Currently, nearly every car maker from Audi to Volkswagen offers some rudimentary autonomous features on some models, such as adaptive cruise control, lane-centering or emergency braking, while expressing the ambition to make their self-driving cars widely available by 2025.
But research published this month by the Victoria Transport Institute, a Canadian think-tank, is pumping the brakes on those predictions, suggesting that it will be 2045 before half of all new cars are autonomous and 2060 before they represent half of the cars on the road. There are more stages of autonomous technology to come, the study notes, before it can handle the complex task of urban driving.
In short, autonomous technology may have mastered parallel parking but it is still in Driver Ed, learning how to handle driving on snow and ice, in congested traffic, in confusing street patterns and in areas where internet service is spotty.
But while most public attention has been focused on the progress of autonomous technology in cars, the trucking industry is rolling in the fast lane, working to develop self-driving systems that meet the SAE’s highest technical Level 4 and 5 standards that require minimal or no driver involvement.
In California, there are about a half dozen companies with permits to test completely driverless autonomous systems for Class 8 freight haulers, but not yet on public roads. But outside of California, there are 18-wheeled research labs racking up miles on high volume freight routes from Florida to the Southwest, although with a driver in the cab as a safety measure.
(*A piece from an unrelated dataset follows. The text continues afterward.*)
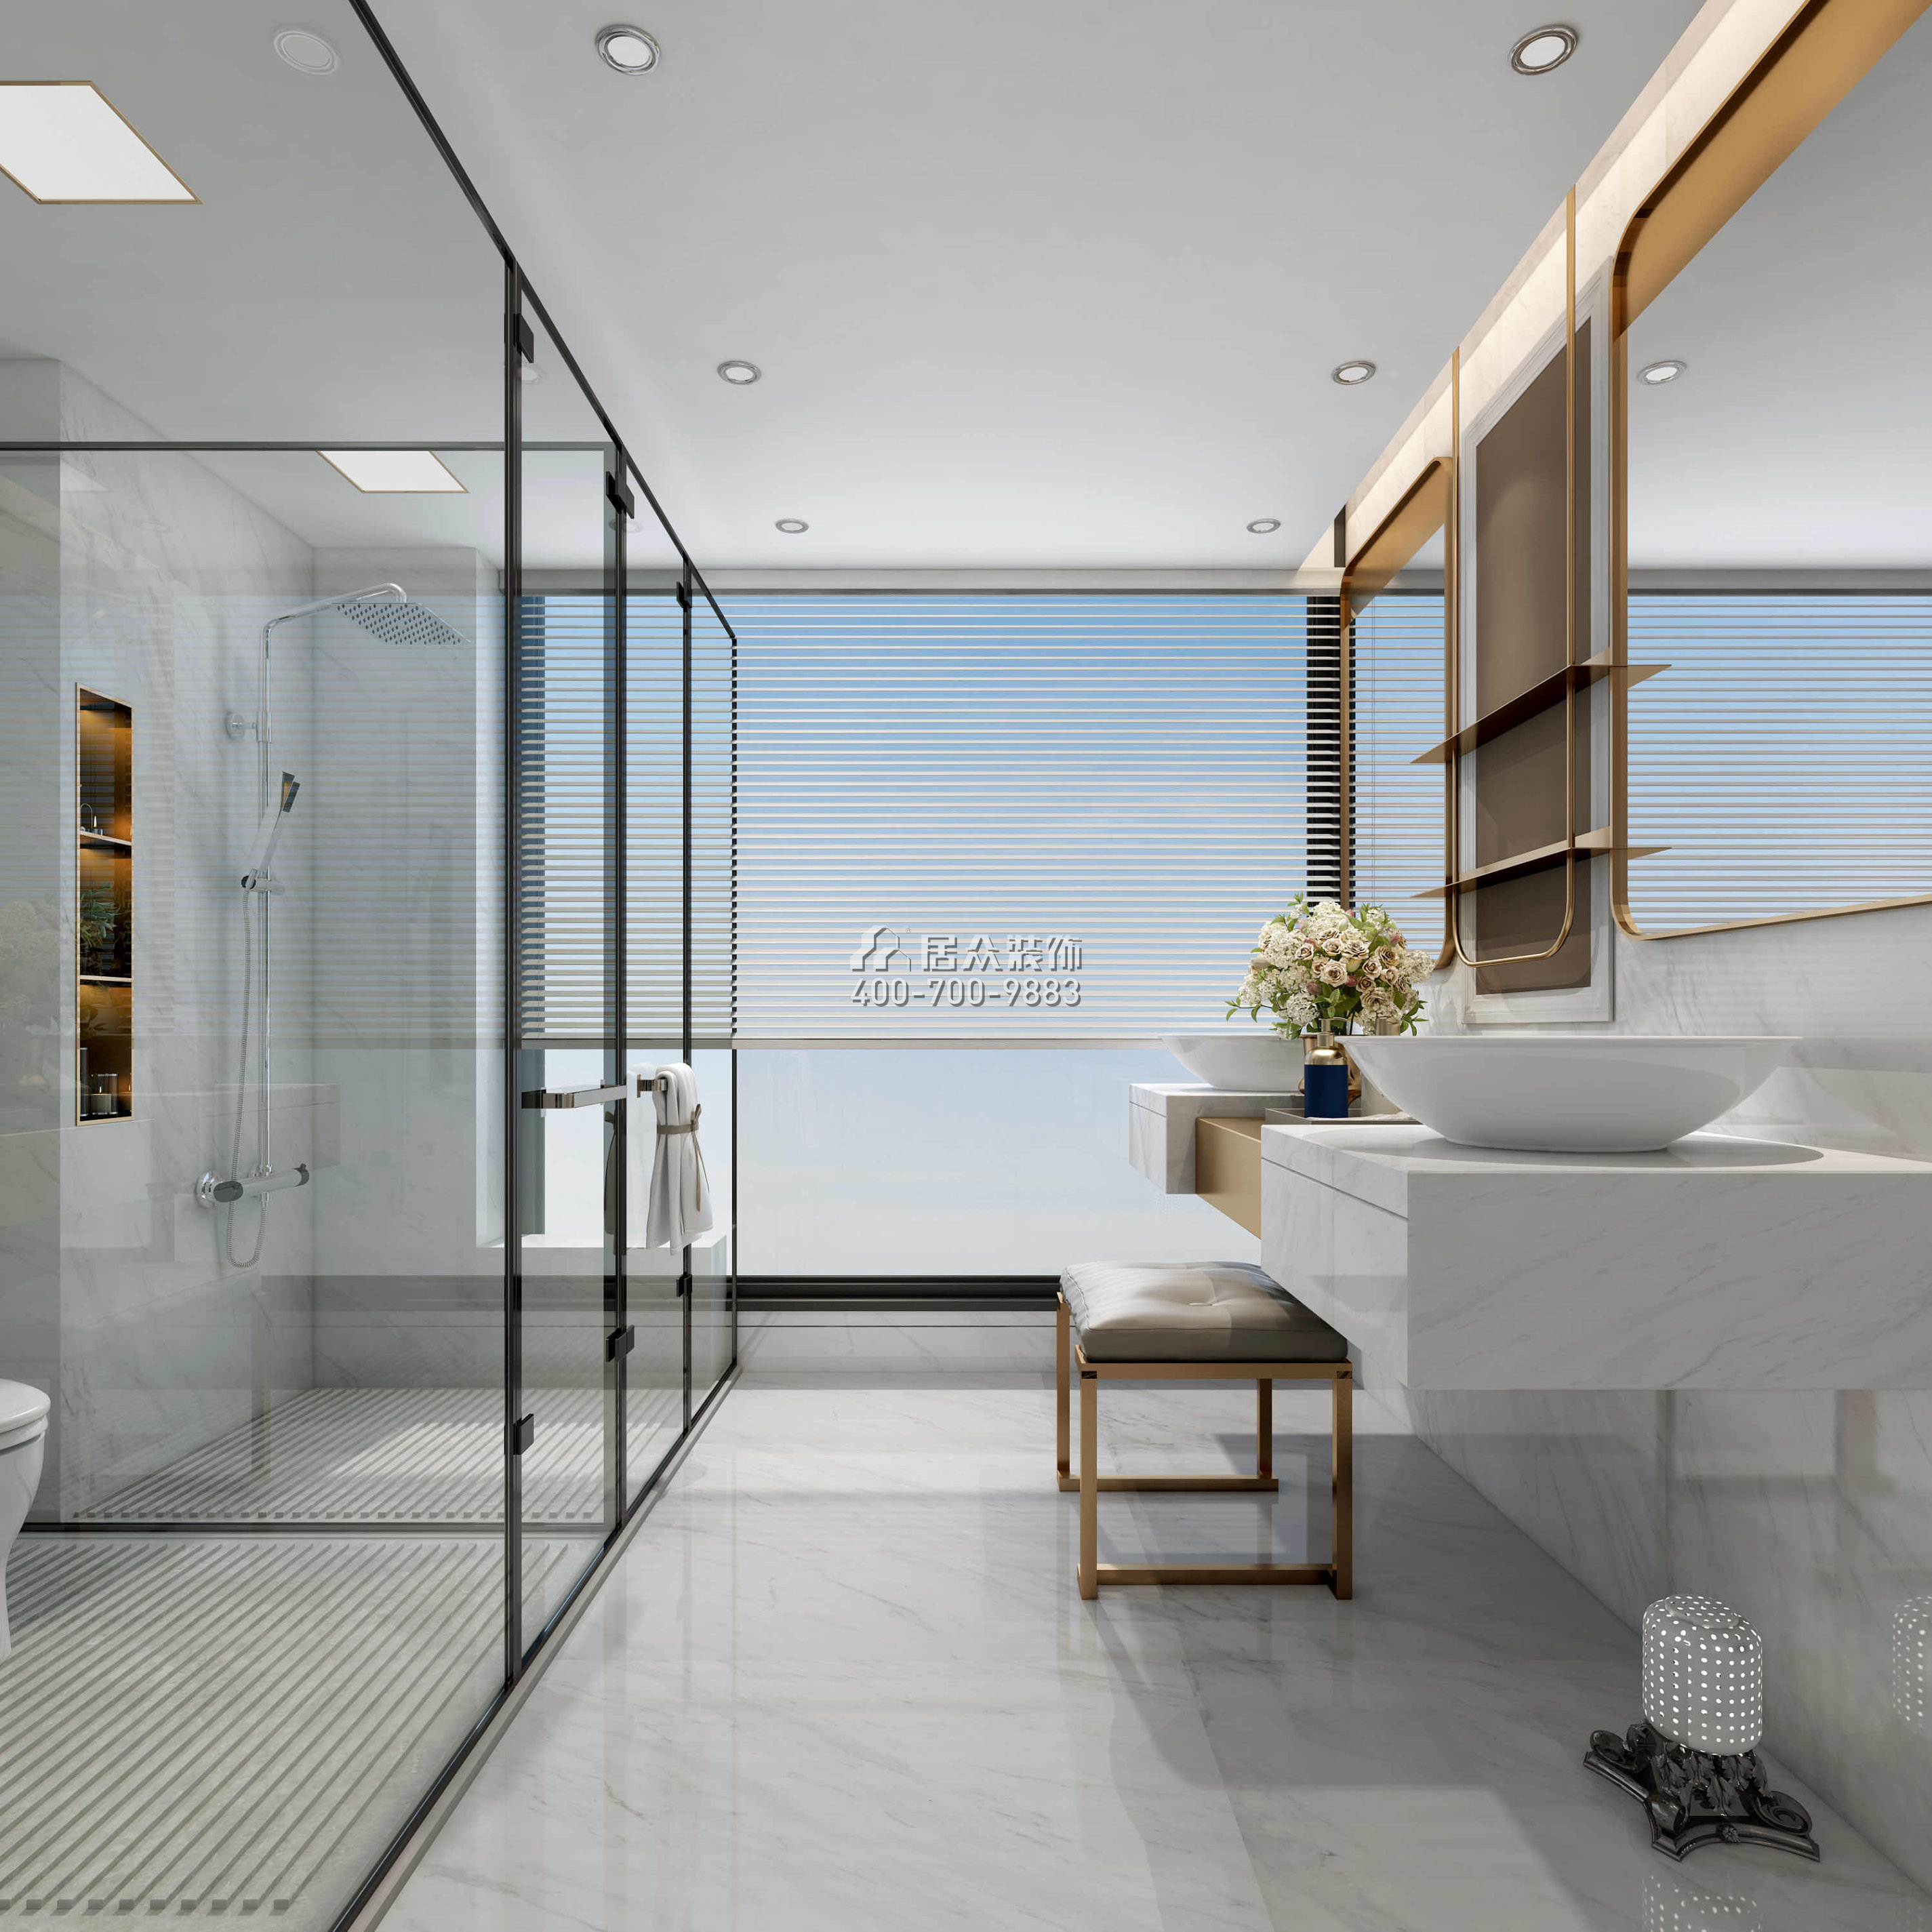 天鹅堡370平方米现代简约风格平层户型卫生间装修效果图

Investors have placed their bets with the eight start-ups focused on self-driving trucks, investing $1.4 billion over the last five years that autonomous driving will make fast progress toward widespread use, according to the consulting company Deloitte.
As we all saw during the pandemic, overnight shipping is a draw for consumers and 72 percent of those goods were shipped by truck, according to the American Trucking Association, creating annual revenues of $791 billion; revenue that will grow as online shopping increases. Research suggests that self-driving technology could increase the trucking industry’s profits by cutting per mile costs by up to 30 percent by improving efficiency, safety and fuel economy and reducing labor costs.
Three quarters of the miles driven by the trucking industry—the so-called middle miles–are on interstate highways without the traffic congestion, cross-street traffic, pedestrians and other obstacles that make life difficult for driver-assist systems in passenger cars. That makes them prime candidates for autonomous driving technology, while allowing humans to drive the more complex first and last miles of local delivery, perhaps from transfer hubs at strategic locations.
Self-driving technology can also provide stability to an industry that is struggling to retain talent and suffers from high turnover among human drivers as the long days, relatively low pay and ill health effects associated with long-haul trucking take a toll on the workforce.
The benefits of autonomous systems extend beyond driving the truck. Doubling the miles a truck can cover in a day by running 24 hours can alter the location of distribution centers, require fewer transfer hubs and could lead to more efficient routes. Data logged by an autonomous system could record fuel mileage, calculate taxes as trucks move across state lines, plan preventive maintenance and allow distributors to track shipments or redirect them while the truck is on the road.
Industry experts believe it still may take a decade or more before completely self-driving big rigs are feasible and that they will initially be introduced in the Southern and Western regions of the country where road conditions are easier to navigate and freight volumes will justify the cost.
But in the race to develop practical on-the-road driverless autonomous systems, the 18 wheelers just might outrace their smaller, four-wheeled competition.
Though still evolving, the promise of autonomous commercial fleets holds great potential for how our society will move important goods and services from point A to B in the future. As a key supplier of connected vehicle products to innovative OEMs, Sibros’ platform helps commercial vehicle manufacturers accelerate their journey to connected vehicle success with deep, safe and secure OTA software updates, data logging, fleet management, remote diagnostics and beyond. Contact us to learn more.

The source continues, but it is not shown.